I don't think that this has any place in the stage set I am working on but I wanted to get it out of my head anyways:
"I just saw a sidebar ad on Facebook that said 20,641 people "Like" Keystone Light. So this must also mean that 20,641 people "Like" having emergency diarrhea."
- If you have a dog and he won't eat his food, just tell him: "Hey, eat your food! If it's good enough for Mel Gibson it's good enough for you!" ....if he has seen The Road Warrior, then he will understand what you are saying. Because dogs, just like humans, can only understand what you're talking about if you both have seen the same movies. -
Last edited by JManderville; April 23, 2010 at 10:39 AM.
I don't really like sports. I think they're SO boring to watch. Don't get me wrong though, I LOVE when people are excited about sports and talk about them -- mostly because I pretend the teams they're talking about are literally what the teams are.
"Did you see it this weekend?! The Giants KILLED the Vikings!"
- I think it's pretty shitty that all the media focus' on these days are celebrity sex scandals.
People just don't seem to appreciate the great achievements in science being made in this modern age. Just last year, director James Cameron traveled through space to a far away planet and shot footage of the native cultures there and all anyone does is complain about it. -
I like the naivety premise of this joke but it seems like it could be better.
I also am apprehensive on joking about celebrity scandals and Avatar if they're becoming less than fresh topics. Is this something I should worry about too much when writing?
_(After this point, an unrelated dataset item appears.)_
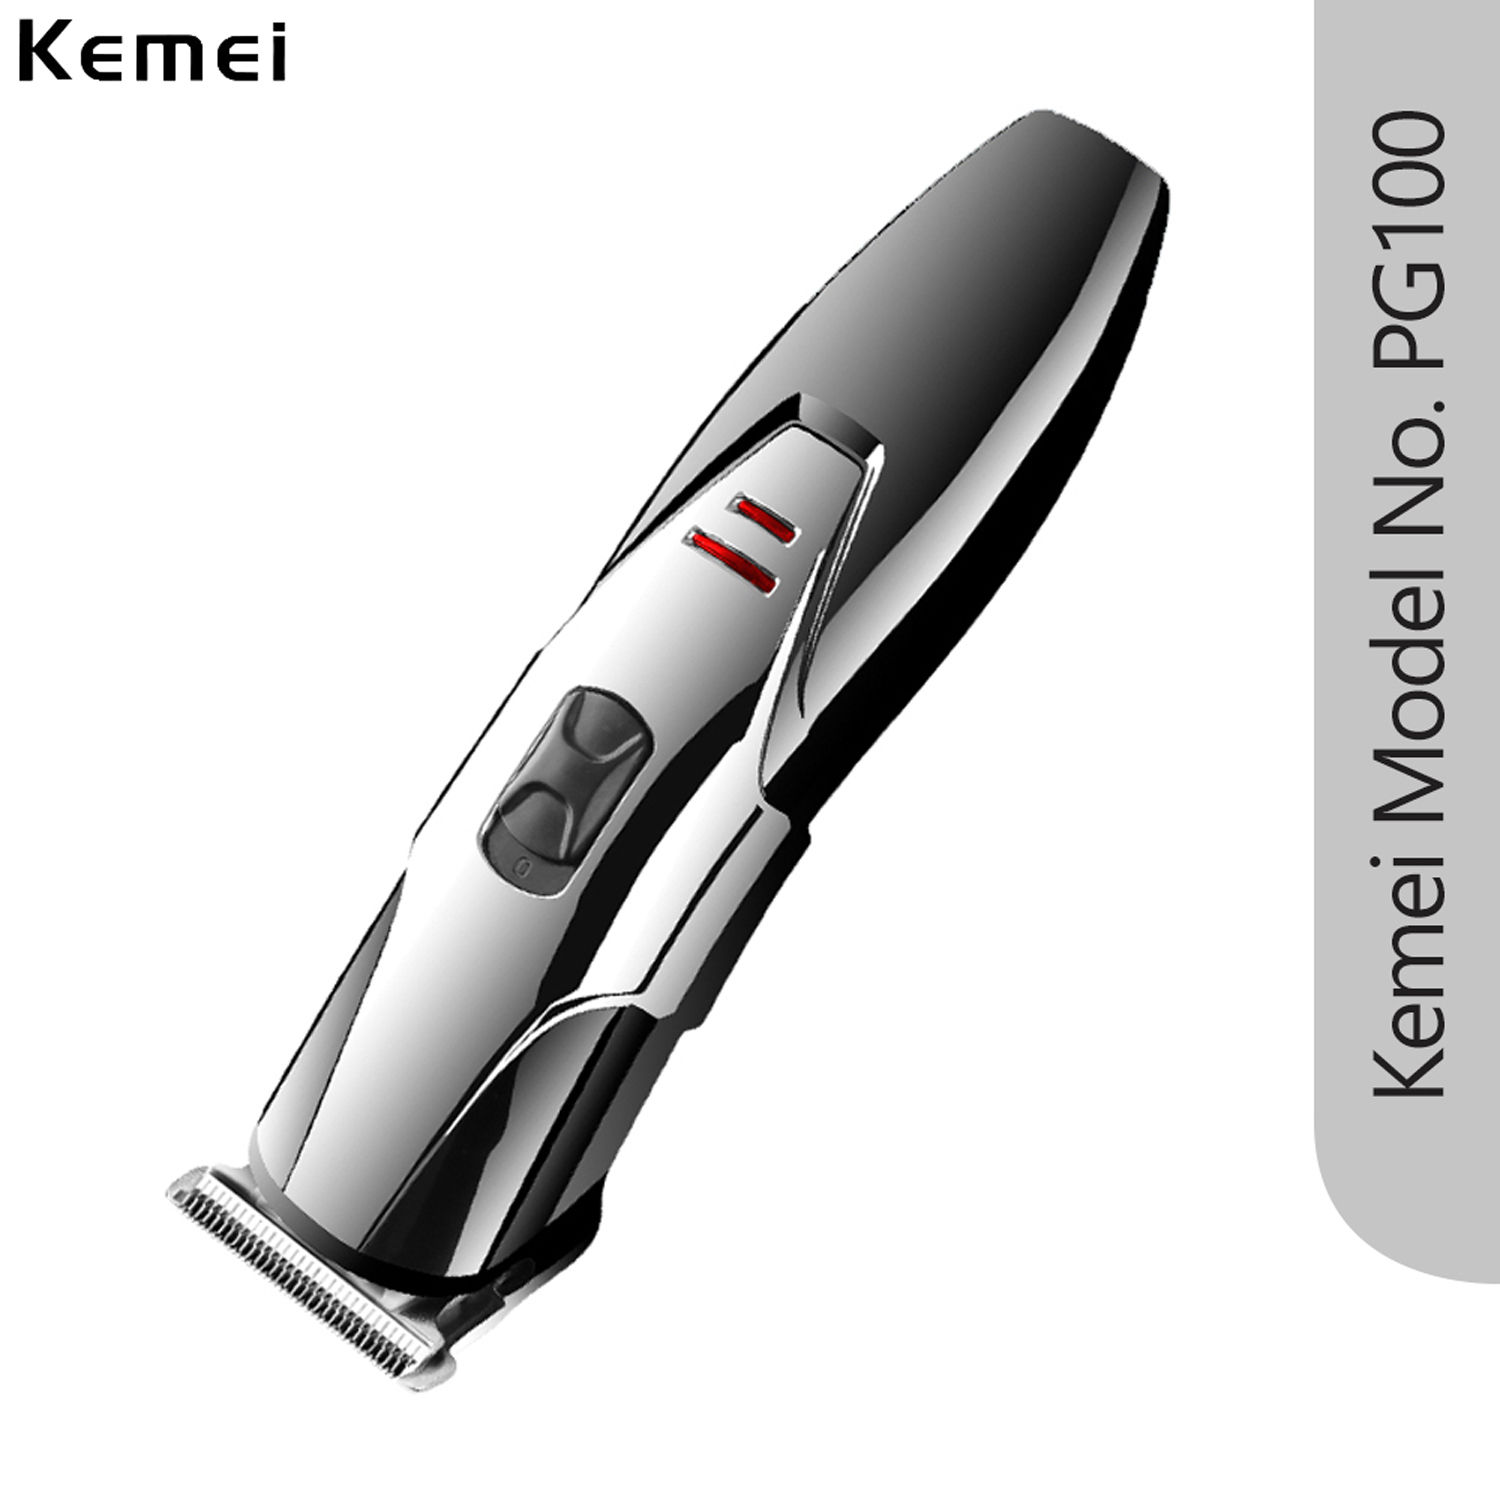 Kemei KM-PG100 Rechargeable, Cordless Trimmer For Men (Multicolor)

"Avatar" can remain fresh depending on the context of the material. It is the highest grossing movie of all time. It sold the most blu-ray copies of any movie during the first 4 days of release. Is Cameron planning a sequel? Will he combine "Avatar" and "Titanic" to make a new movie? What would he call it? What would the theme be? Etc.
"Except for MJEH. He is an irredeemable fiend who should be locked up!!" - Alex Mac
"I didn't think I'd gained that much weight until I was cleaning a DVD with the bottom of the shirt I was wearing."
The idea of the joke is that I see my reflection in the DVD as I look down while cleaning the disc with my shirt. I suppose it works if I mime the cleaning action as I perform the joke. It might also work if instead I add, "and I caught my reflection."
Any advice on how to simplify the "joke," or at least the delivery?
Should I just get in shape already?
I like the idea. Here is my stab at it.
"I didn't think I had gained so much weight until I saw my marshmallow-abs reflected back at me in the Schindler's List DVD I was cleaning off with the bottom of my t-shirt.
"I didn't feel guilty about gaining so much weight until I saw my marshmallow-abs reflected back at me in the Schindler's List DVD I was cleaning off with the bottom of my t-shirt.
note: I'm still new at writing jokes so I'm not sure this is the best structure or direction..but I do think that adding some descriptive details helps sometimes.
Last edited by JManderville; April 28, 2010 at 8:22 AM.
Thanks for the input! This actually highlights the main problem with the joke (excluding 'not funny.')
The idea is that, because I'm looking down at the DVD, I see my double chin reflected back at me, not my marshmallowy abs (easy mistake to make.)
I hadn't even considered that the DVD title itself could add to the joke. Maybe porn? Sad sad porn? Or something about... being fat a lot?